BEGIN COLLECTED MATERIAL
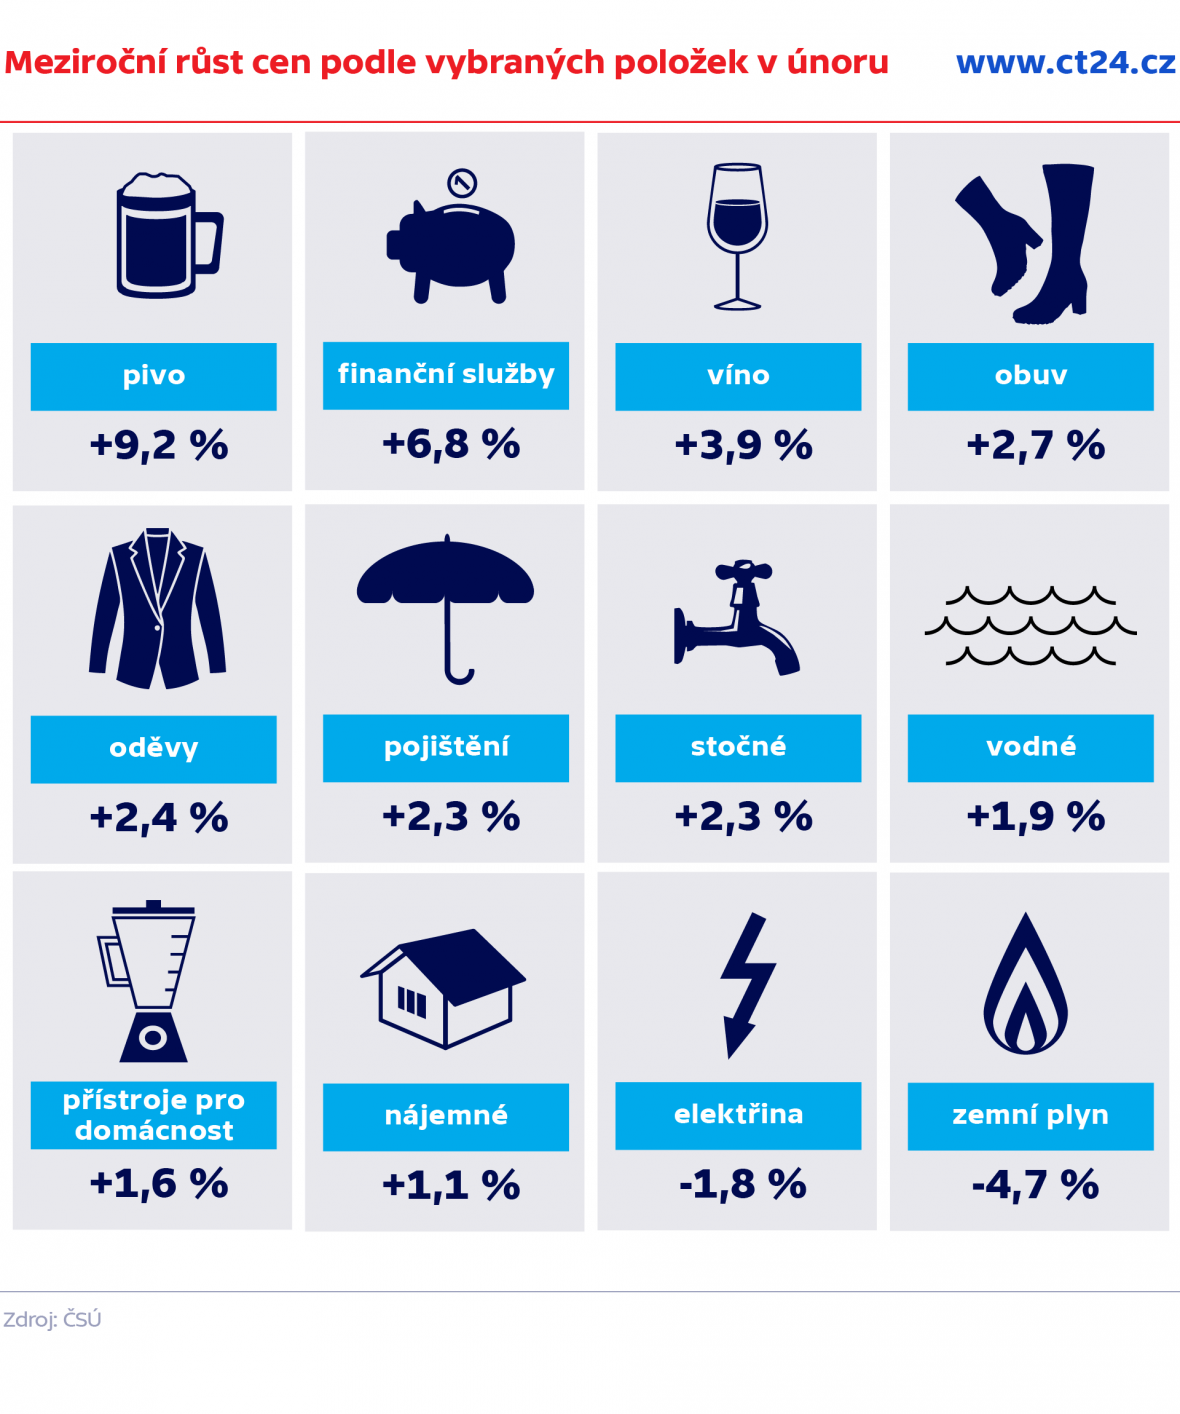 Meziroční růst cen podle vybraných položek v únoru
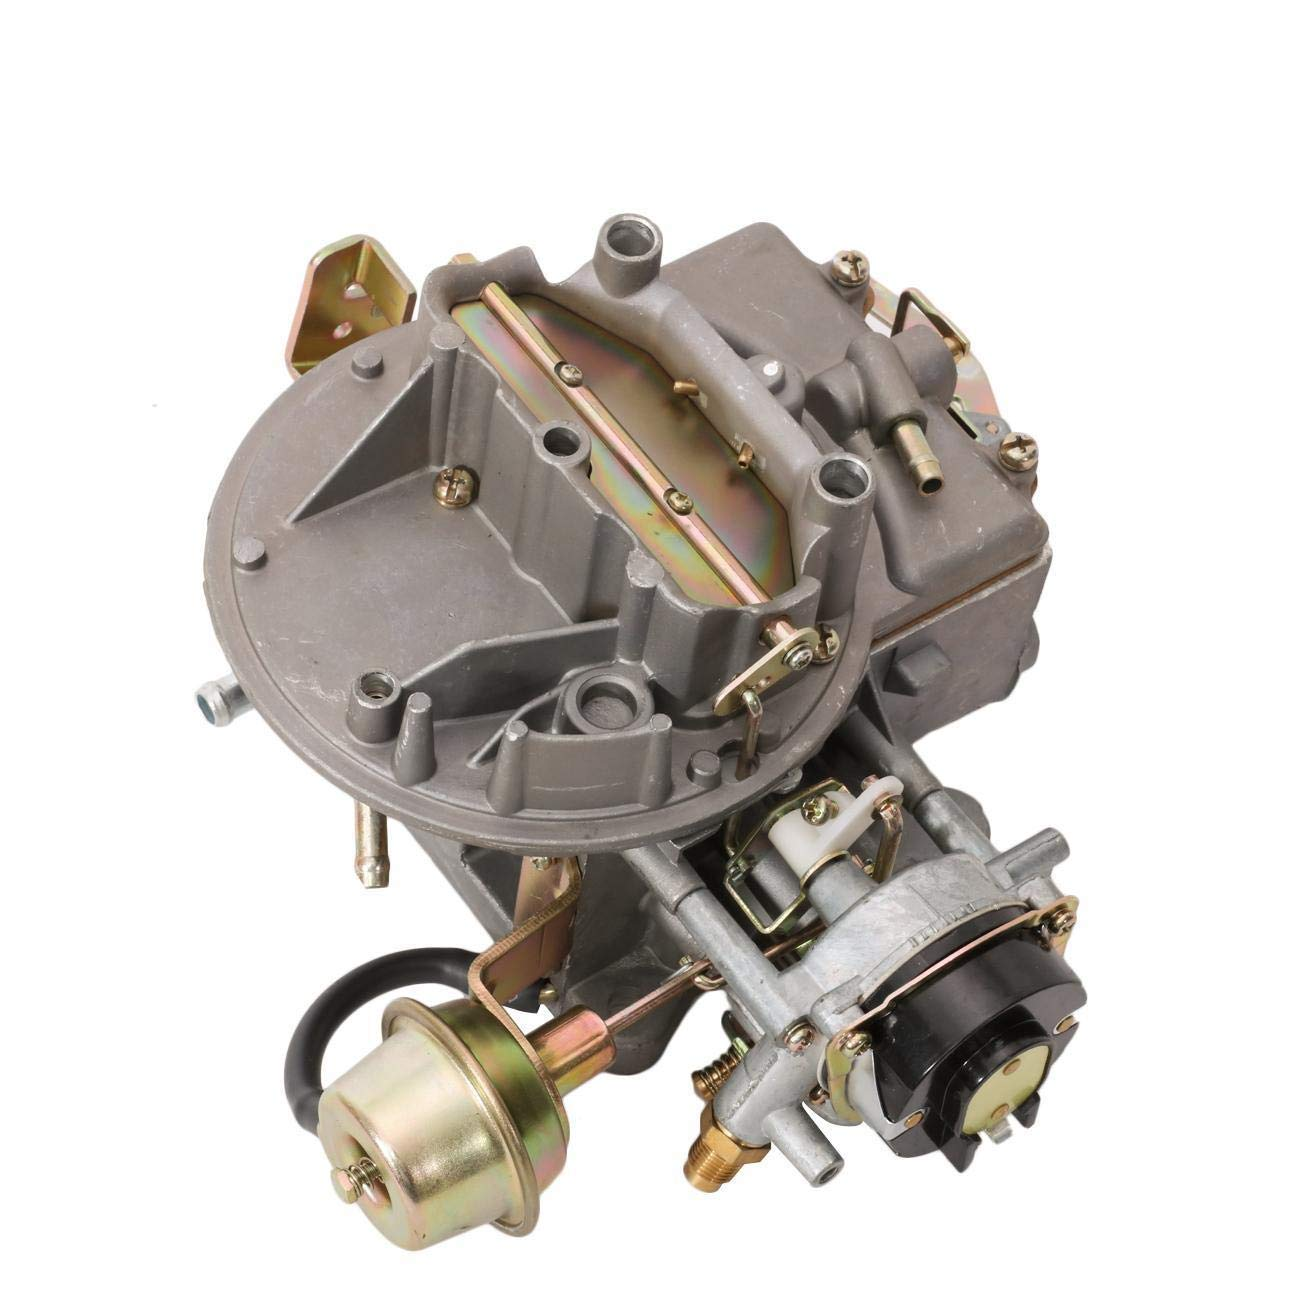 Dodge 360 Carburetor Adjustment
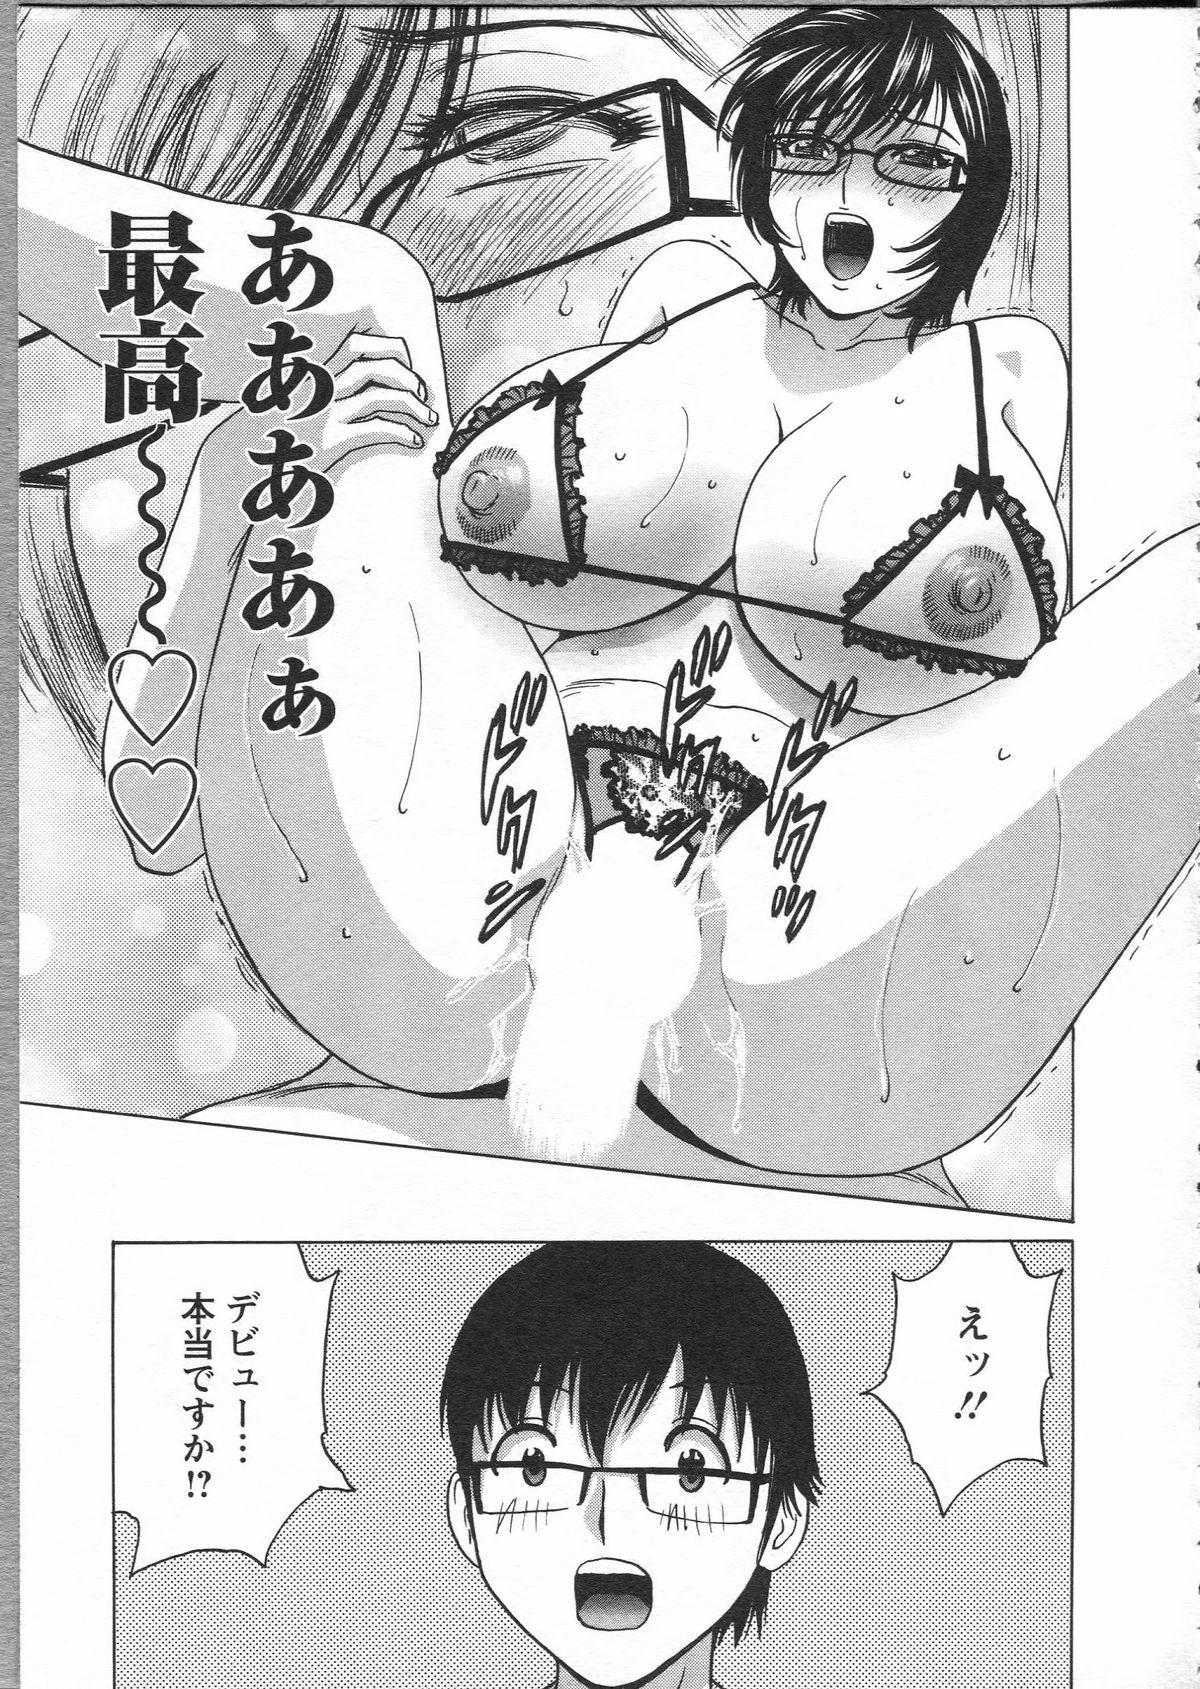 Manga no youna Hitozuma to no Hibi - Days with Married Women such as Comics. 168
END COLLECTED MATERIAL
## EXERCISE PROMPT
Extract the lines beginning with the one that contains "Dodge 360 Carburetor Adjustment" and ending with the last line of the listing. Keep them exact and drop the pictures.

## ANSWER BOX
 Dodge 360 Carburetor Adjustment
 Manga no youna Hitozuma to no Hibi - Days with Married Women such as Comics. 168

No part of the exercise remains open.